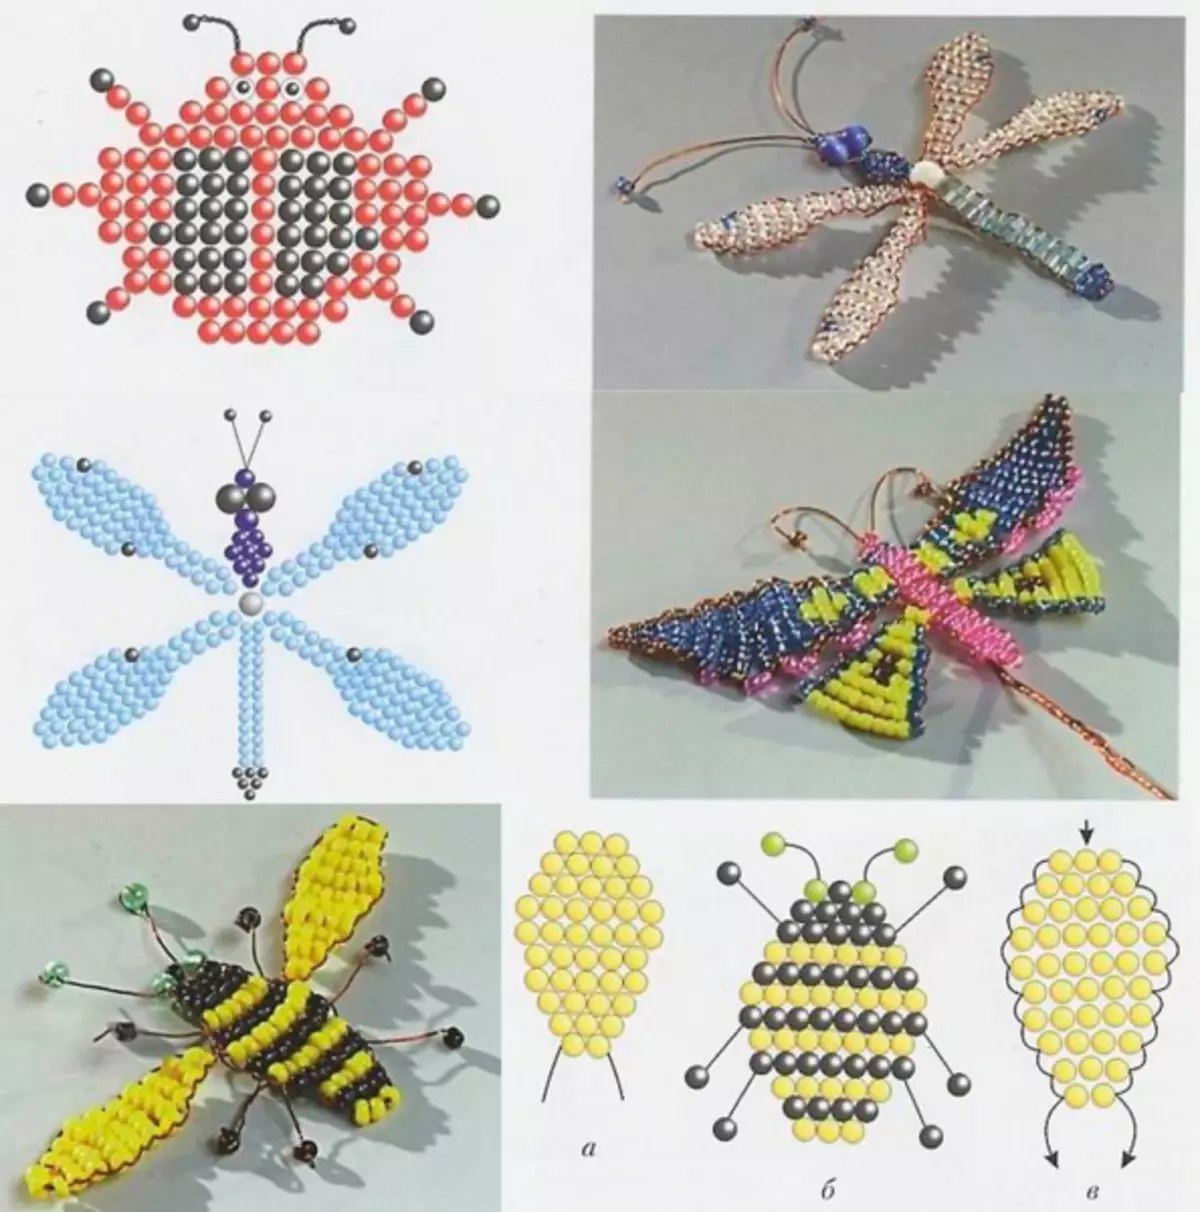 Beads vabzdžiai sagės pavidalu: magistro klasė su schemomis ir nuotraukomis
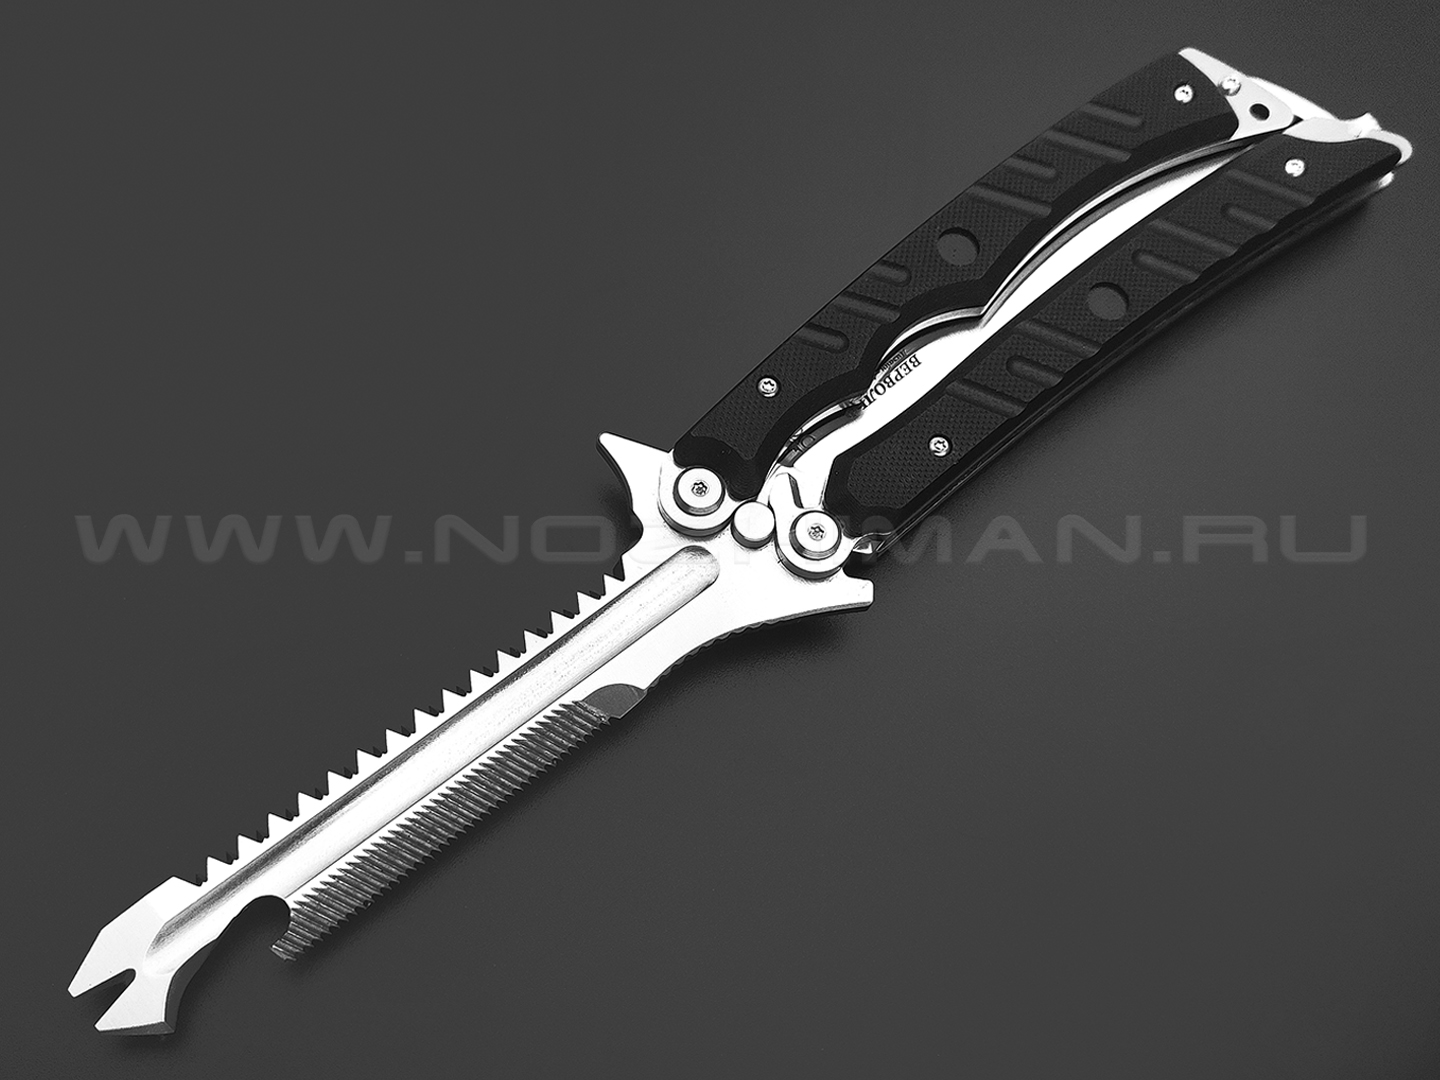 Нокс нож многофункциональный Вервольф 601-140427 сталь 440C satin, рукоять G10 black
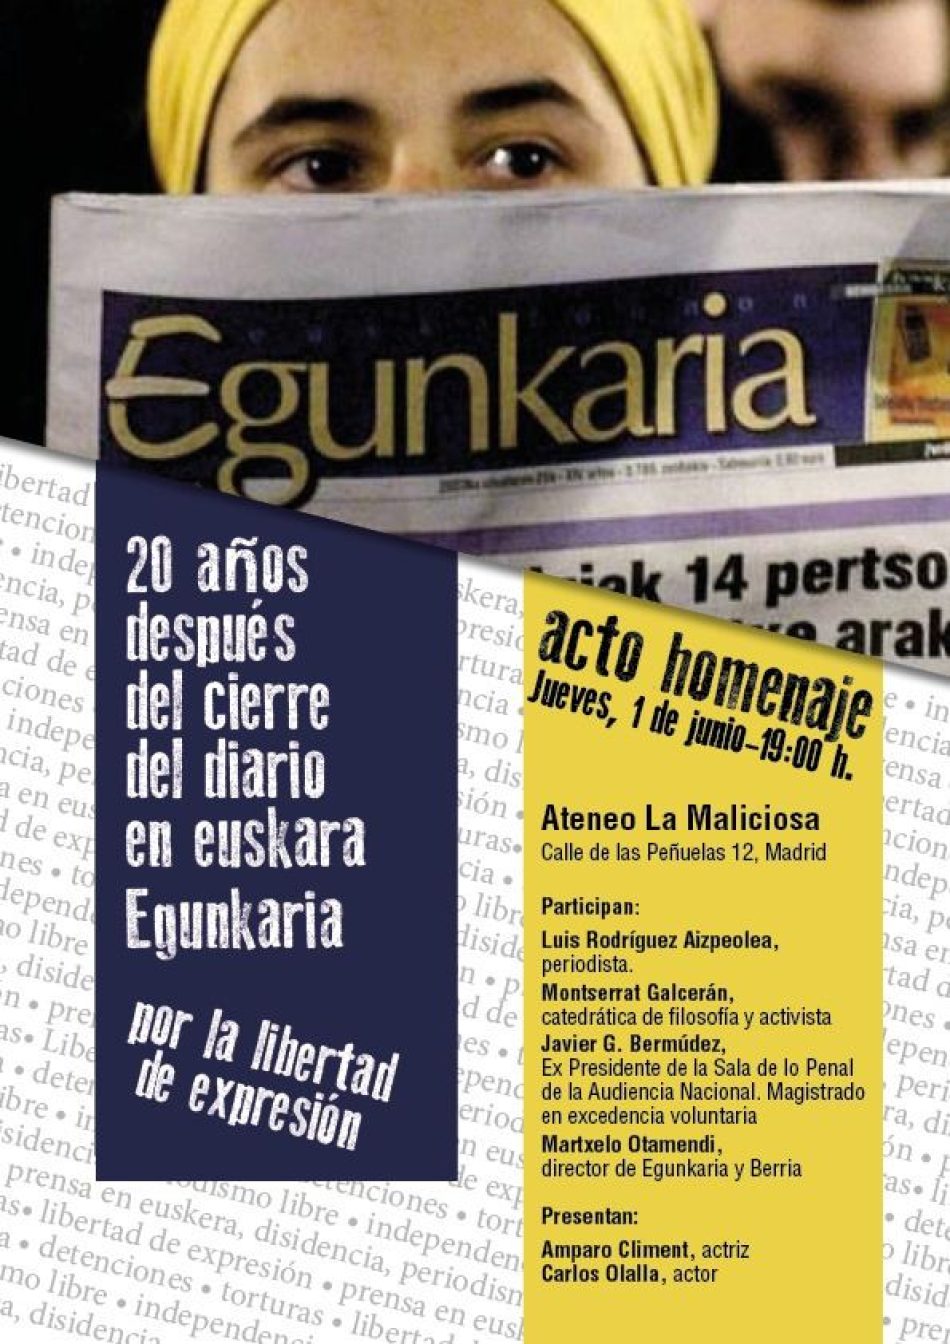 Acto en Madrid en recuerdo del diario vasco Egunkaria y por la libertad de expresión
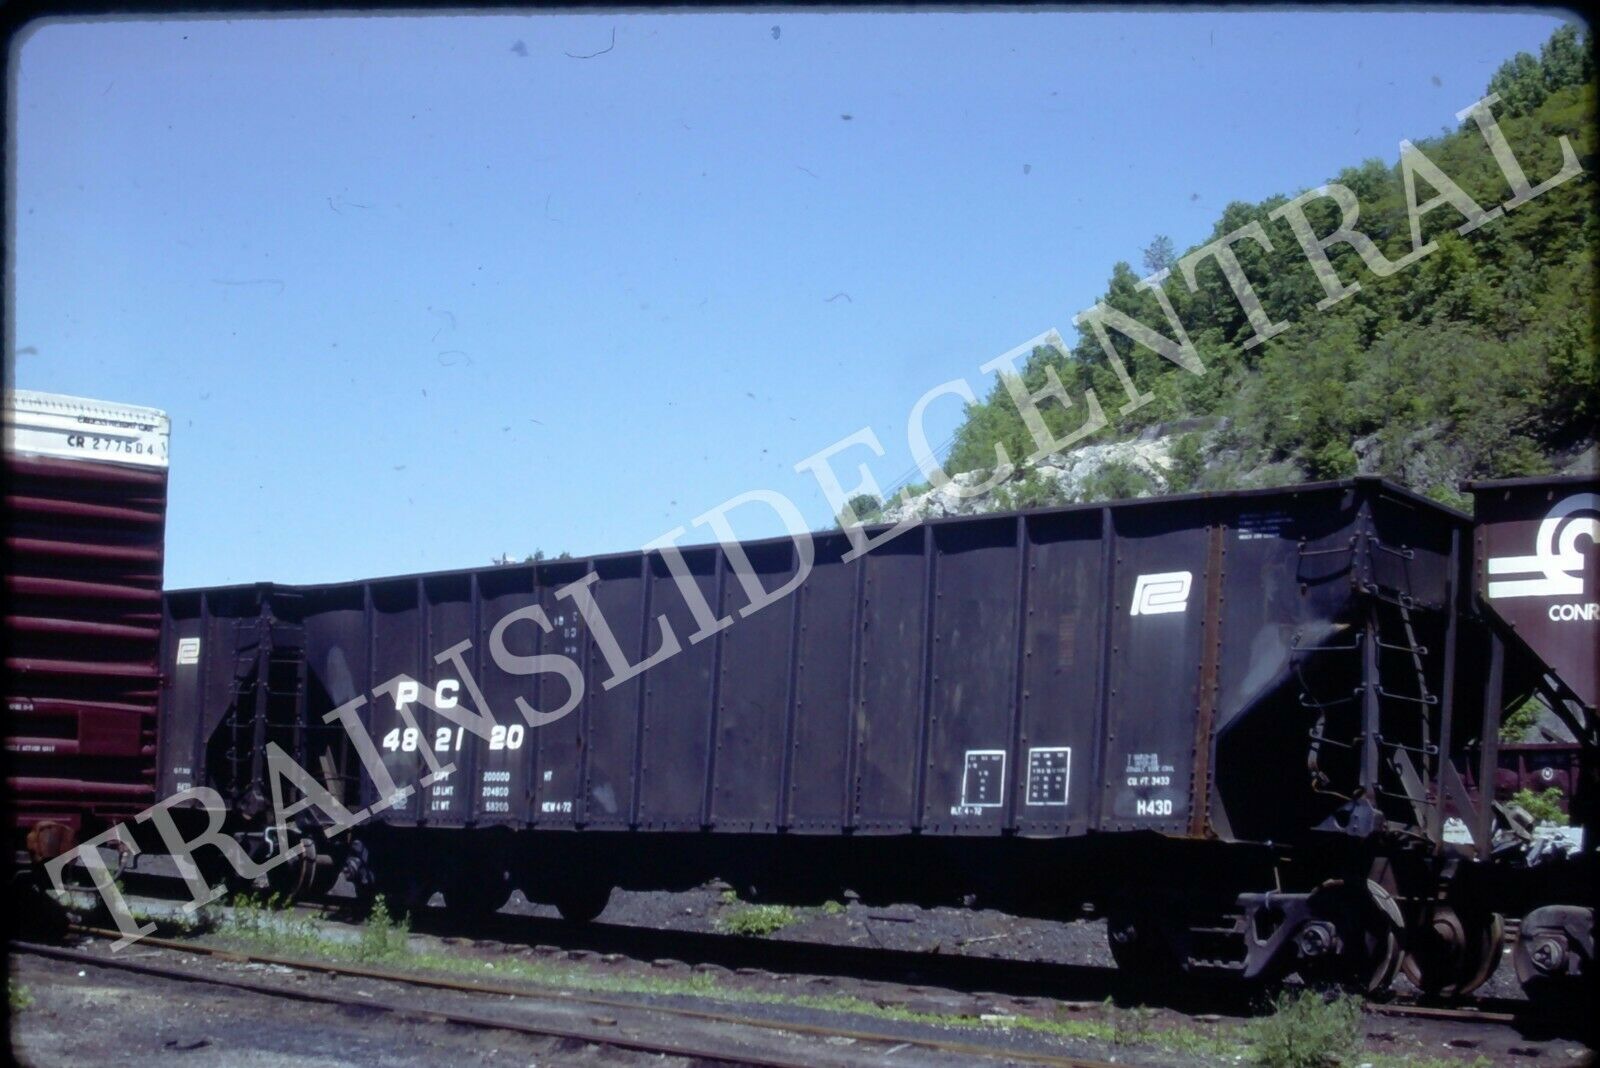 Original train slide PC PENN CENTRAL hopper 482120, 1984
◇ ◇ ◇ ◇ ◇ ◇ ◇
(What the exercise asks):
Retype each line above exactly and leave out any picture.

(Reply to the exercise):
 Beads vabzdžiai sagės pavidalu: magistro klasė su schemomis ir nuotraukomis
 Нокс нож многофункциональный Вервольф 601-140427 сталь 440C satin, рукоять G10 black
 Acto en Madrid en recuerdo del diario vasco Egunkaria y por la libertad de expresión
 Original train slide PC PENN CENTRAL hopper 482120, 1984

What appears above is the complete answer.